A Rose by Any Other Name...

I'm struggling a lot lately, having to keep explaining the need for labels for my children. Its got to the point where I'm almost starting to believe the people who think I'm looking for things to be wrong, almost "wanting" there to be something there so I can slap a label on my child... It couldn't be further from the truth though. Of course I don't want there to be any reason for my child to be diagnosed with anything else, but in my heart I know that we haven't got to the bottom of my middle child's issues. Therefore, I will don my elephant hide and get her the private help she needs and if that gets her an additional label to wear, so be it.



Trying to explain the need for a label is exhausting. A simple analogy I use is that you have a cupboard full of cans, all with the labels missing. You try to figure out whats in there perhaps by seeing how heavy it is, does it slosh when its shaken, or is it solid. You can really only find out a tiny bit about the contents of that aluminium can without its label... Now stick a label on the can. Whats changed? The can is the same, the contents haven't changed one iota. All that has changed is now we can easily identify what is inside that can without the need to guess or shake it.

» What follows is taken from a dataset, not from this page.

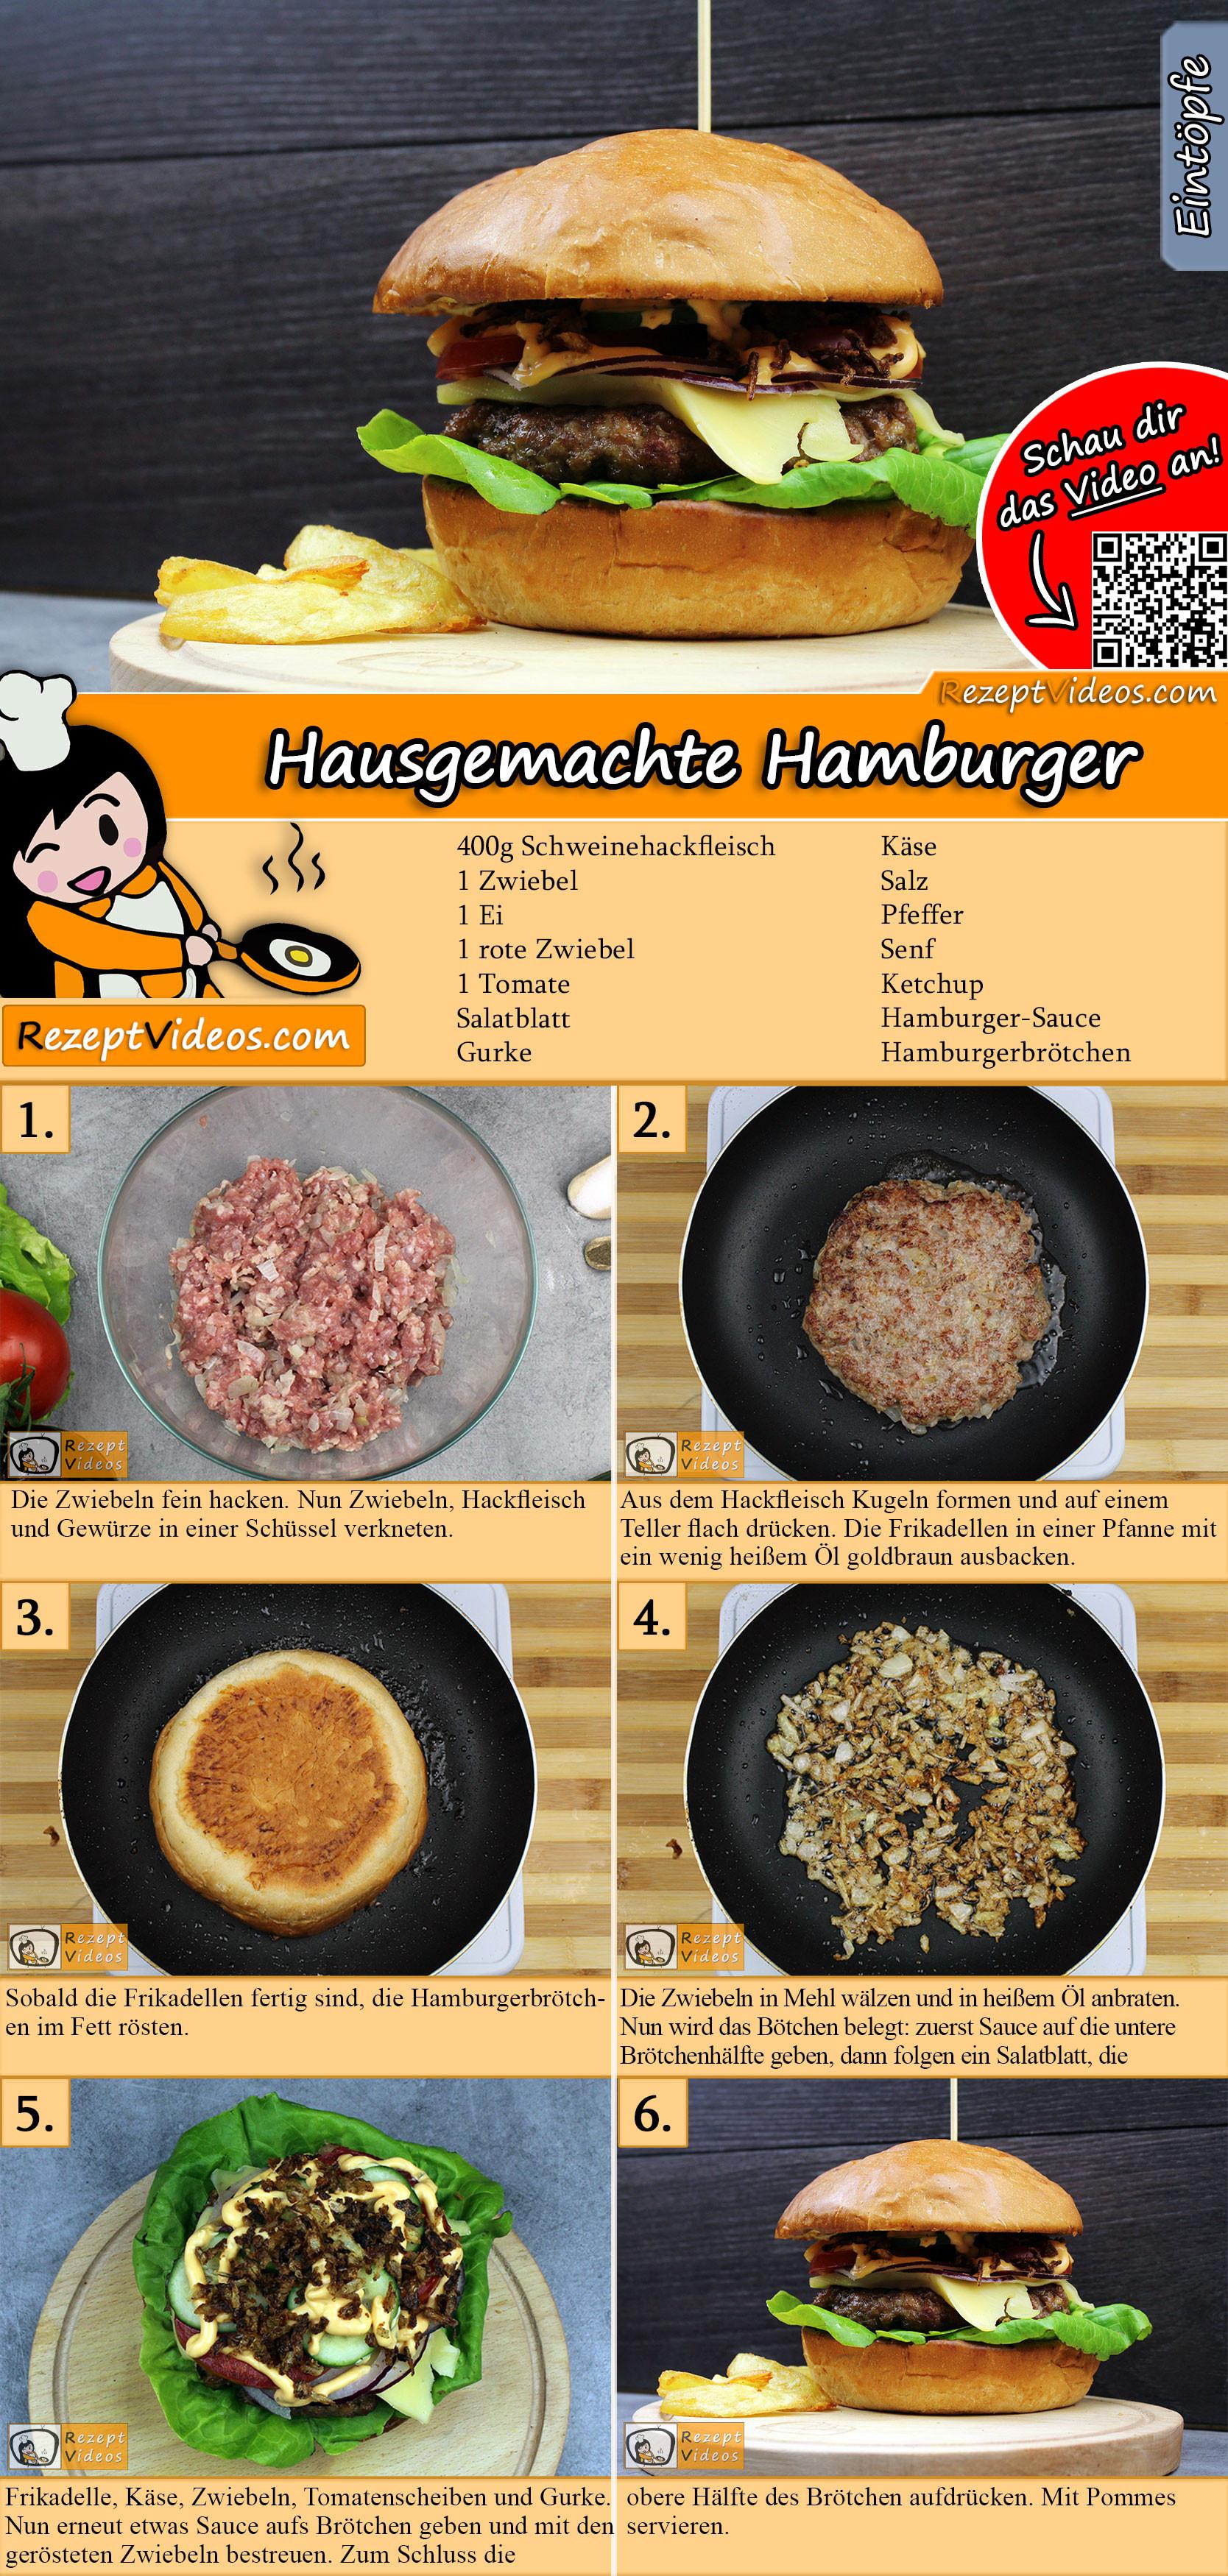 hausgemachte hamburger hamburgerrezept hamburger selber machen. Black Bedroom Furniture Sets. Home Design Ideas

So that is the purpose of the label. To identify what is there. Its not a name, or a tattoo that has to be worn on the forehead of your child, but it is essential to get services and the help your child needs and deserves. Don't forget also that labels peel off and can be changed as appropriate if things change.

So where is the real issue that some have with the label? I feel its the stigma of old. Sure don't people label themselves all the time if its something they are proud of? MD, BA, Mrs, Sir, Lord.... So why not come out and say the real reason they don't like certain labels. Yeah, its the stigma, I don't want people knowing there is any mental illness/neurological disorders/disability (delete as appropriate) in our family... Ignoring and shunning the label however, won't change that or make the child neurotypical. It will just deny them services and help.

Munchkin got her label nearly a year and a half ago and in that time has obtained intensive intervention, home tuition and a place in a special needs preschool. Add that to the help she gets from us at home too and you see a totally different child to the one who presented a year ago. As my mum said to me over Christmas, whatever you're doing, keep doing it! She is doing fantastically and I know in my heart, that without the label we wouldn't be doing as well as we are. I just need to sort out my cans in my cupboard and get my middle can relabelled properly so that she too, can move forward....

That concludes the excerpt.